27 апреля 1918 года, Финляндия, Ваммельсу:

«Гибель великодержавной России так грандиозна и неожиданна, что никто в нее по-настоящему еще не верит: ни немцы, ни даже сама Россия; будто дурной сон, который вот-вот кончится пробуждением. Колосс, у которого так трудно было оттягать какой-нибудь Порт-Артуришко, валяется на земле и без сопротивления (какое сопротивление у трупа!) отдает всякому желающему кошелек, одежу, наперсный крест, какие-то ладанки, зашитые на шее. Что-то берег при жизни, что-то копил и прятал в голенище или под рубаху — теперь все открыто, бери каждый. Флот, крепости, целые земли и города, Киевы и Одессы. И все в крови, за что ни хватись, липнут красные руки… Думал я о том — в бессонницы — какого наказания заслуживает Ленин. И нашел: нет такого наказания, которое могло бы искупить меру его вины. Для мелкого „героя“ или преступника есть Георгий или каторга, расстрел, есть двугривенный и арестантские роты — но для такого? Для Иуды человечество придумало угрызения совести и самоубийство — ну а если у Иуды нет совести? Что вообще делать с Иудой, у которого нет совести? Есть совесть умная, и есть совесть глупая. И люди глупой совести, подобно Горькому, не усмотрели в своем пораженчестве одного обстоятельства. Когда русские солдаты и офицеры отправлялись на войну, они были связаны с остальной Россией как бы некоей смертной клятвой: мы, идущие, умрем, но вы, оставшиеся, будете продолжать наше дело. И когда они, борясь до последнего, умирали, они в смерть уносили уверенность, что оставшиеся будут продолжать; и только эта уверенность давала им силу защищаться, бороться и умирать. И передумывать оставшиеся не имеют уже права, ибо клятва дана мертвому. Только он мог бы освободить от клятвы, но он — мертв»[196].

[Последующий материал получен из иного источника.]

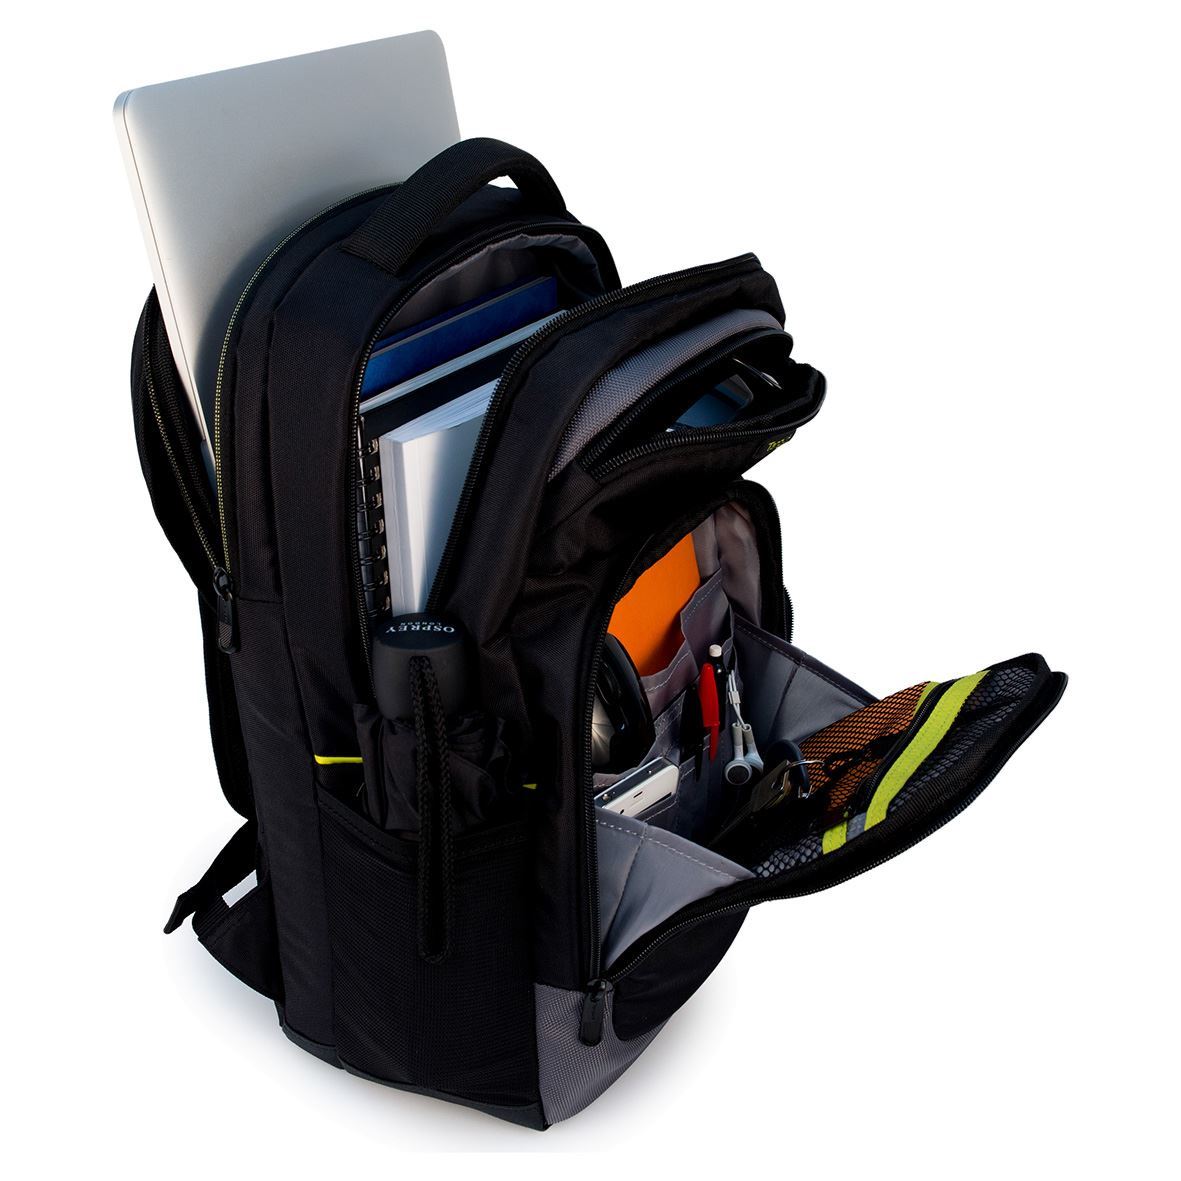 Ik was mijn kleren Makkelijk te lezen Doordringen CityGear 15.6" Laptop Backpack - Black
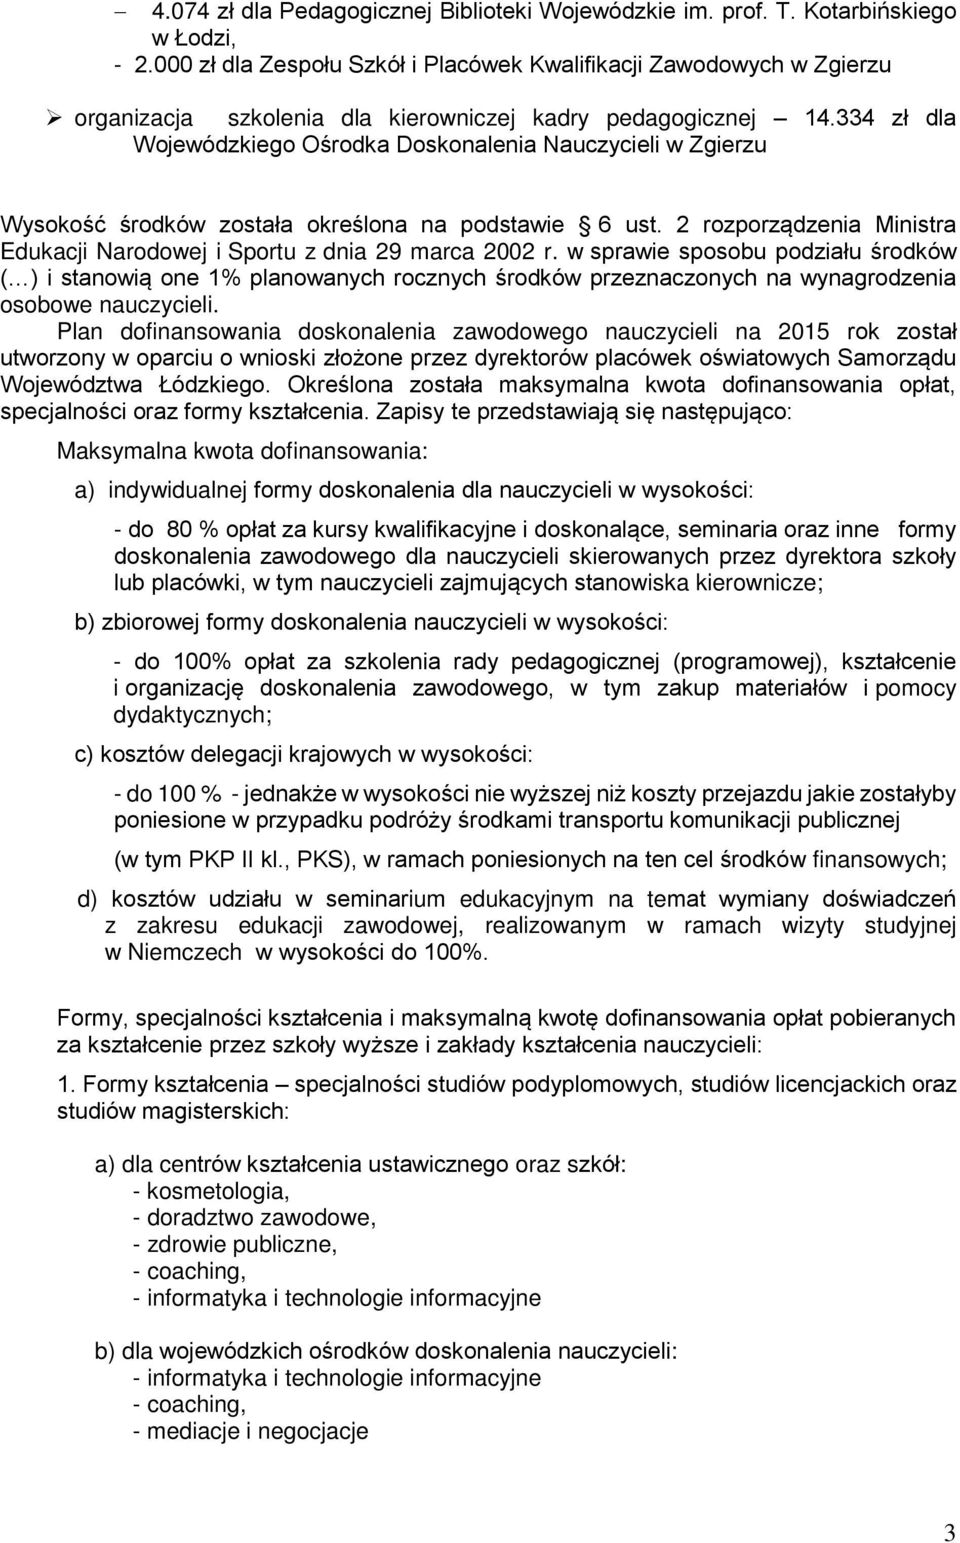 334 zł dla Wojewódzkiego Ośrodka Doskonalenia Nauczycieli w Zgierzu Wysokość środków została określona na podstawie 6 ust. 2 rozporządzenia Ministra Edukacji Narodowej i Sportu z dnia 29 marca 2002 r.

«1 мая 1918… Сегодня в Питере торжества „по Луначарскому“: первомайский праздник с участием Бенуа и Гржебина. Интересно, что было — если вообще что-нибудь было. Совести у этих мерзавцев нет, и то, что под боком гибнут провоцированные финны, соблазненные и обманутые, не помешает им соответственно украситься. Этот ничтожный и нечестный Луначарский — давний приятель и соратник Горького; много раз они, вероятно, целовались, и много раз Горький смотрел на него теми влюбленными глазами, которые он так хорошо умеет делать»[197].

Это было написано Андреевым на даче в Финляндии в Ваммельсу, куда он, как и Н. К. Рерих, вместе с семьей уехал из революционного Петербурга. Правда, Рерих оказался в более спокойном месте, но и туда, в Сартавалу, в Юхинлахти, доходили военные и революционные раскаты. 19 августа 1918 года, в то время, когда Николай Рерих просил Аксели Галлен-Каллелу помочь официально остаться в Финляндии, чтобы не оказаться среди высланных русских, Леонид Андреев писал:

«Готовили питье интернационалисты. Наливал Ленин. Разносили шкалики социалисты. Потчевал Горький. Плакала Россия и ее бабы… Живем в тумане. Ничего достоверного, слухов много и мучительное чувство, что где-то вблизи что-то совершается, а что — только гадаем.

Третьего дня из вполне достоверного источника передали, что в ночь с 13-го на 14-е в Питере шла жестокая стрельба, орудийная и пулеметная. Испуганные обыватели не раздевались и не ложились спать. Но кто в кого, по какому случаю и чем кончилось — абсолютно неизвестно. И догадаться трудно!

Теперь еще новость. Наши финки были, как всегда, в народном доме на воскресных танцах и ныне рассказывают, что весь народ в жестокой тревоге и даже не танцевали. Говорят, что Россия объявила войну Финляндии, что над Ино были два аэроплана, сбросившие прокламации с извещением, что 20-го (завтра) начнется обстрел крепости с кронштадтских фортов. Русских, то есть нас, будут немедленно высылать, и нашу Альму [домработницу] спрашивали уже, где она думает после нас устроиться»[198].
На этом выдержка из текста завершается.